##### EXTRACTED ENTRIES #####

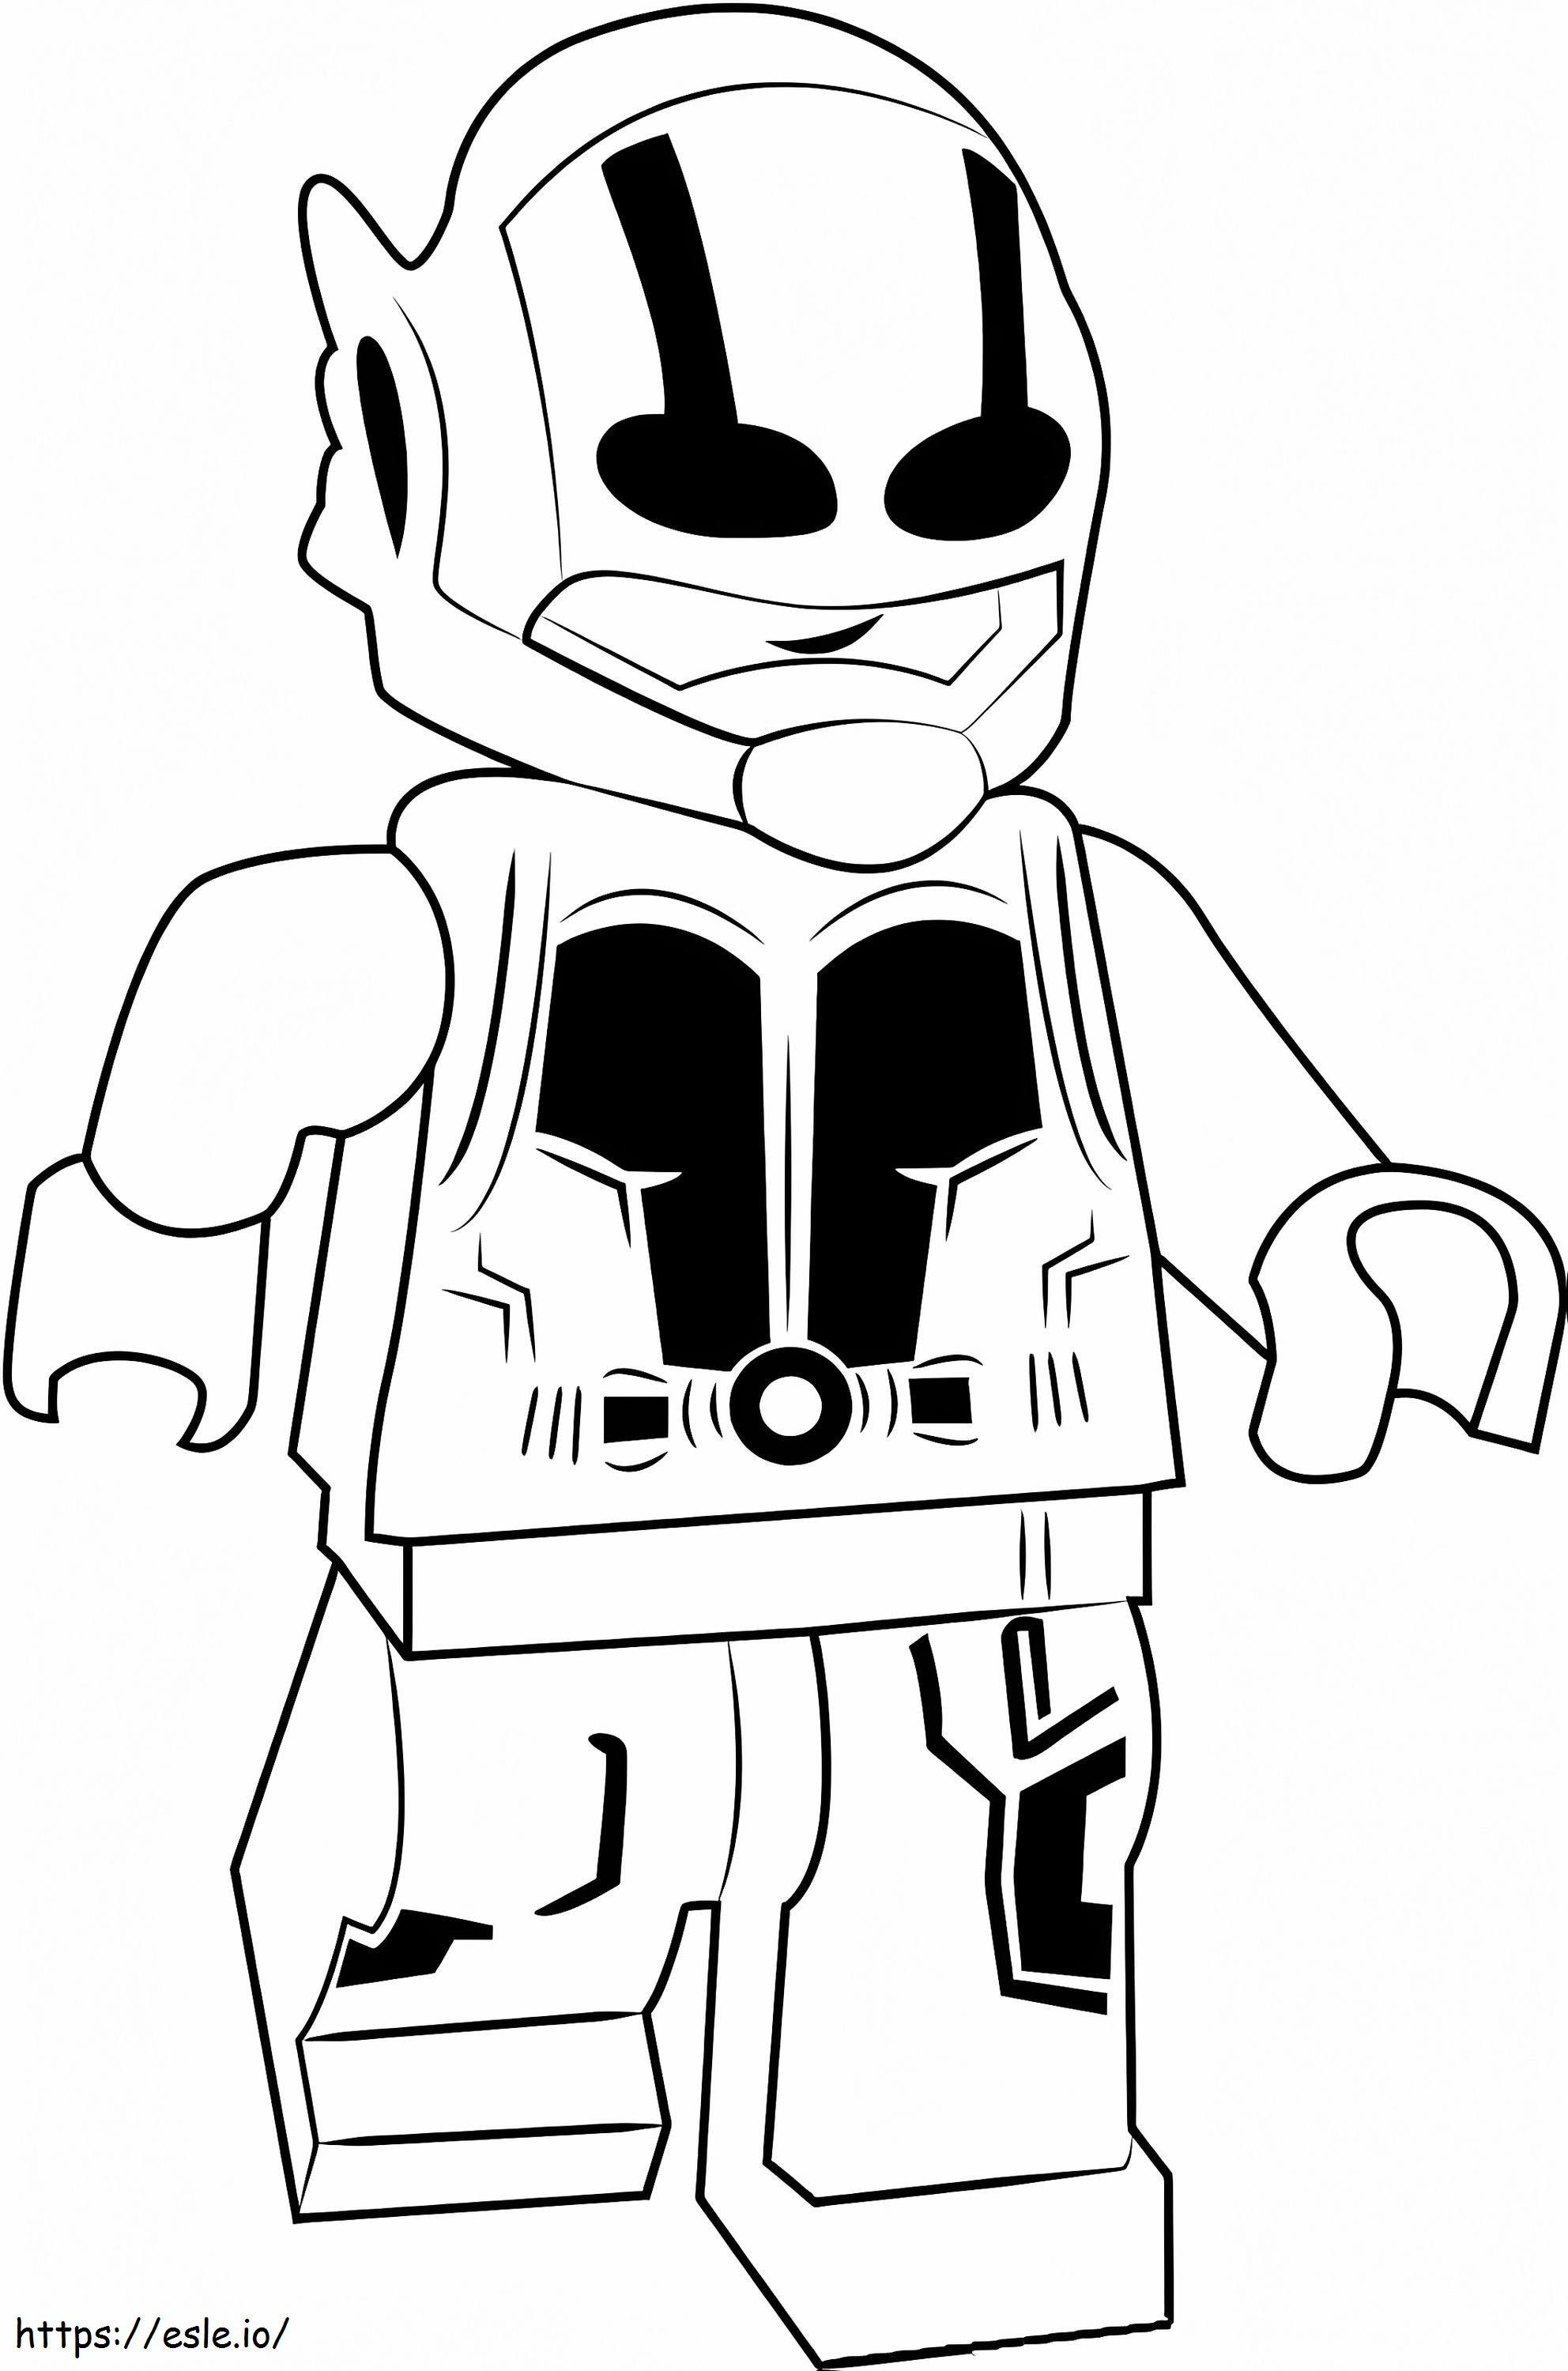 Ant Man Lego coloring page
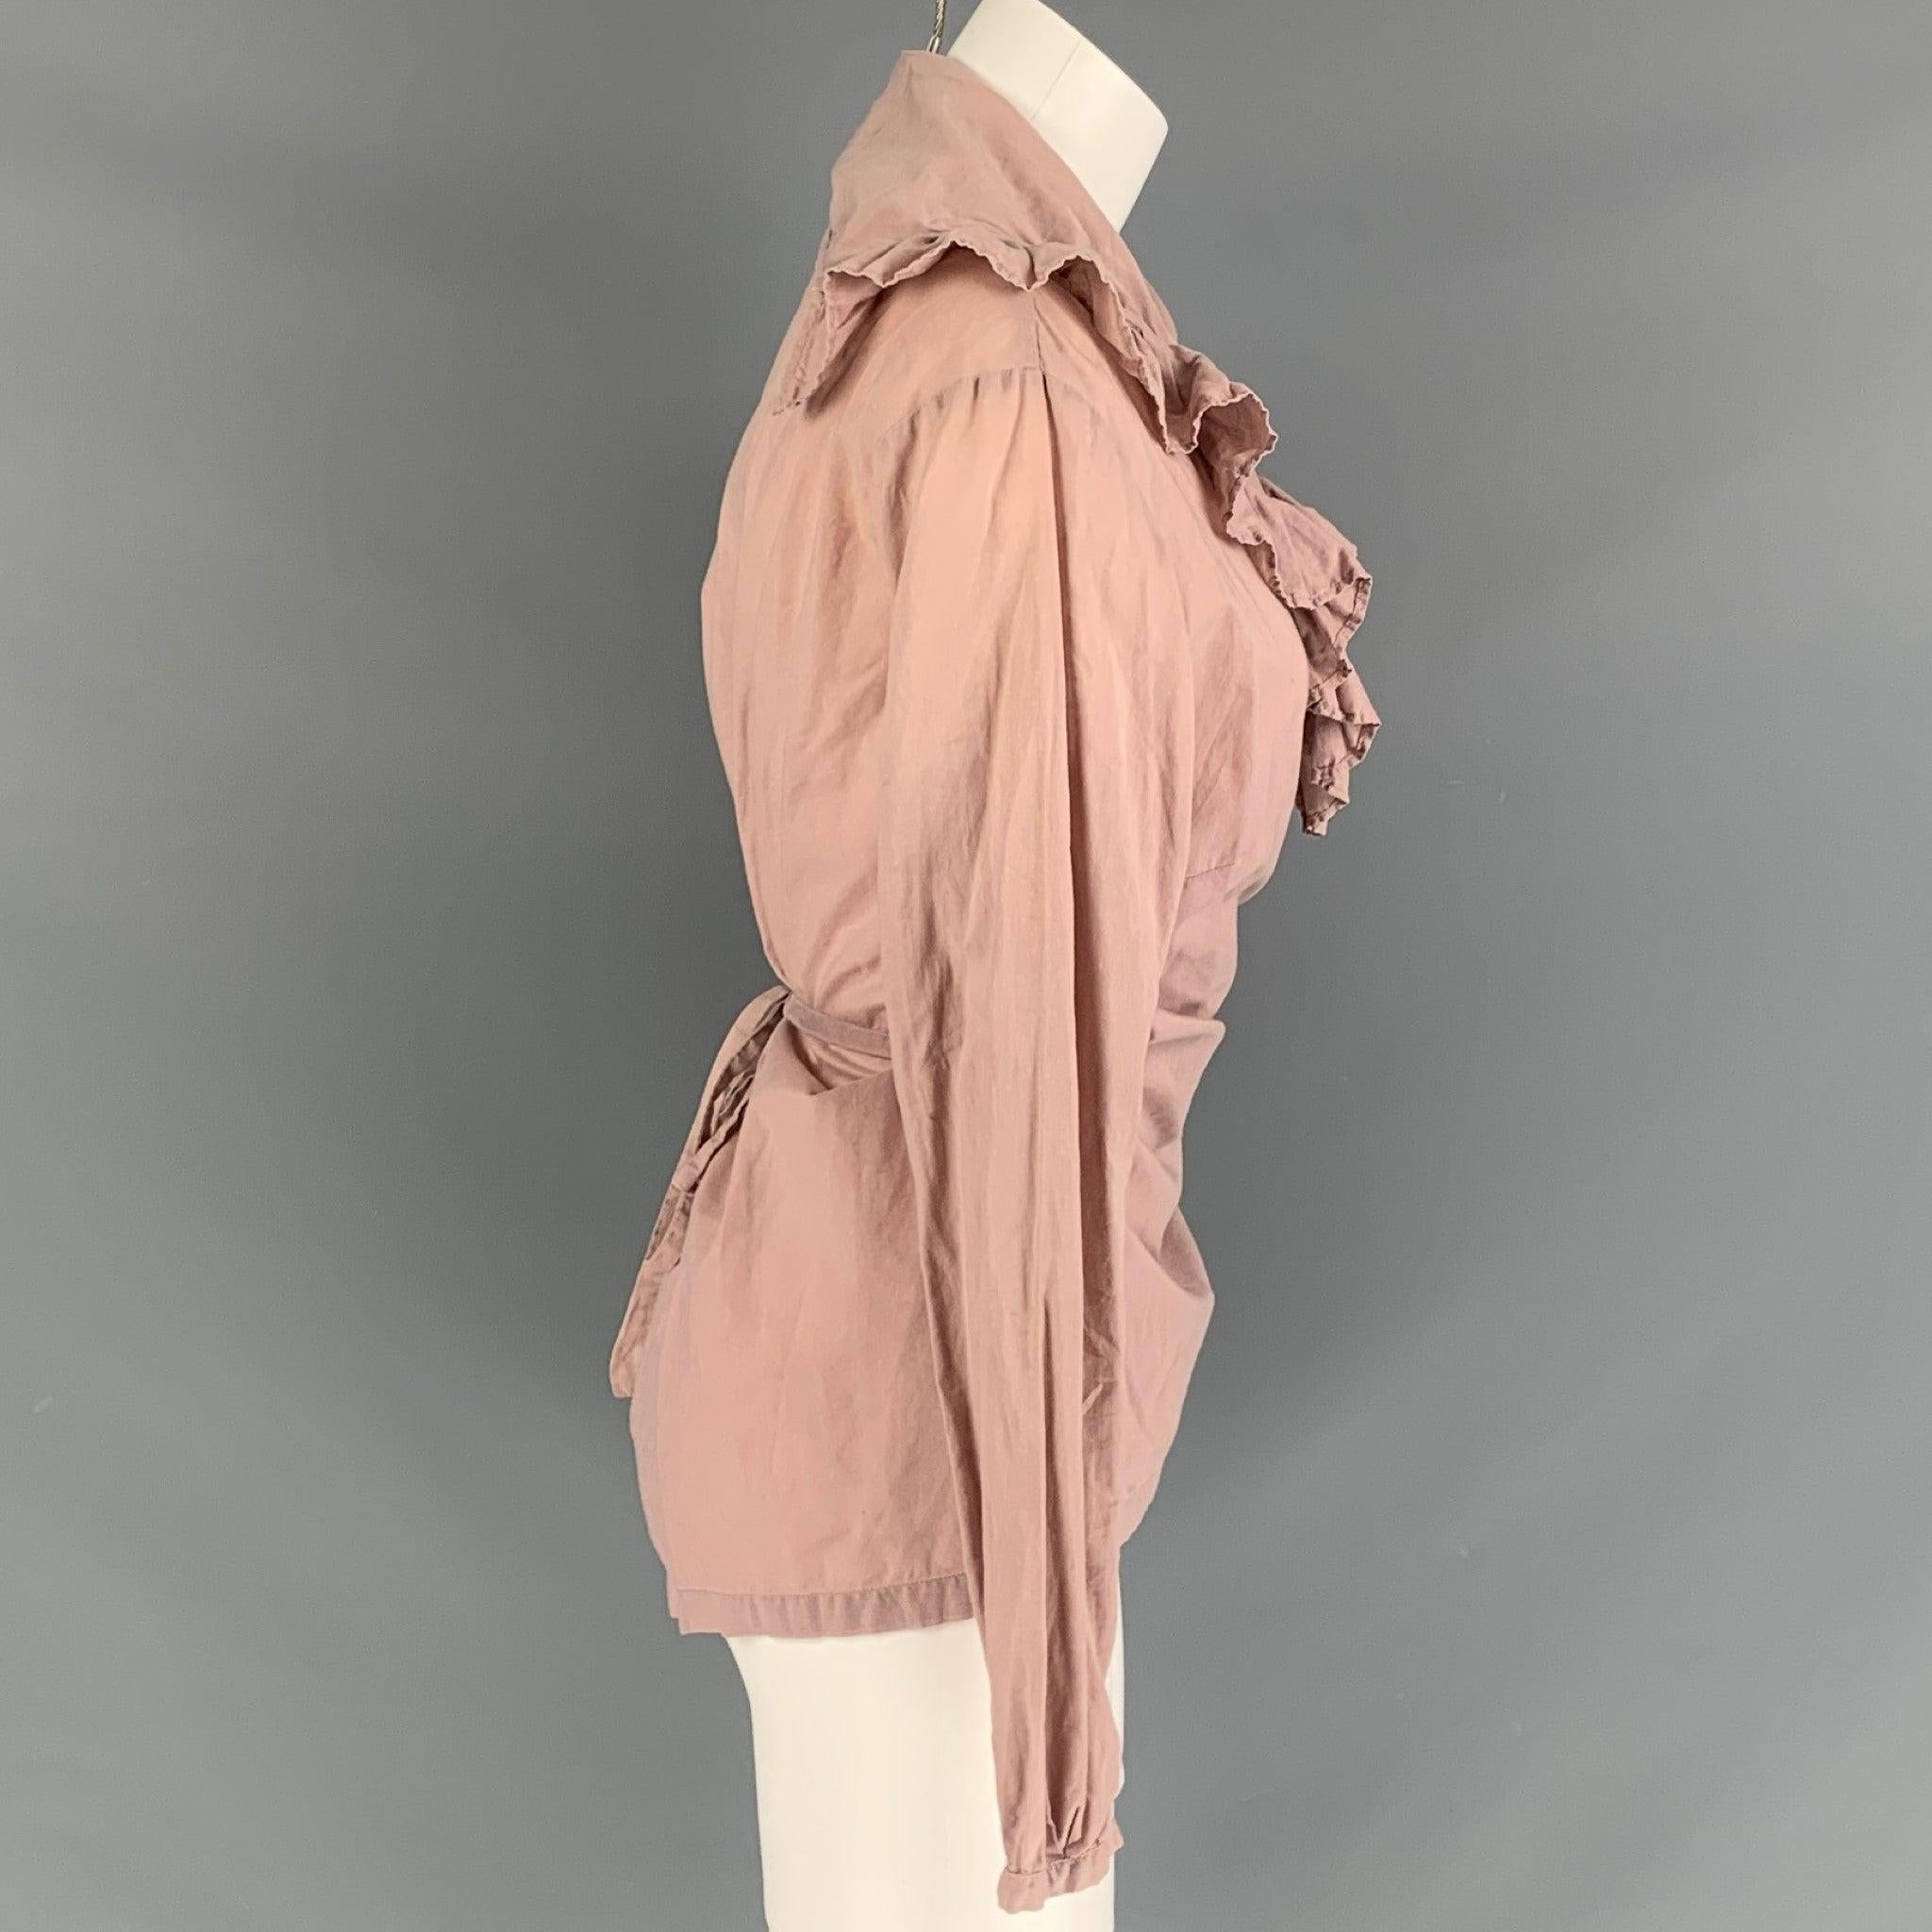 DRIES VAN NOTEN long sleeves blouse comes in a dust pink fabric featuring v-neck, ruffled detail at the collar and wrap up style. Made in Belgium.Excellent Pre-Owned Condition. Fabric tags removed. 

Marked:   42 

Measurements: 
 
Shoulder: 17

#####

## WHAT IS BEING ASKED
Leave the pictures out and return each entry exactly.

## EXERCISE SOLUTION
 Ant Man Lego coloring page
 DRIES VAN NOTEN long sleeves blouse comes in a dust pink fabric featuring v-neck, ruffled detail at the collar and wrap up style. Made in Belgium.Excellent Pre-Owned Condition. Fabric tags removed. 

Marked:   42 

Measurements: 
 
Shoulder: 17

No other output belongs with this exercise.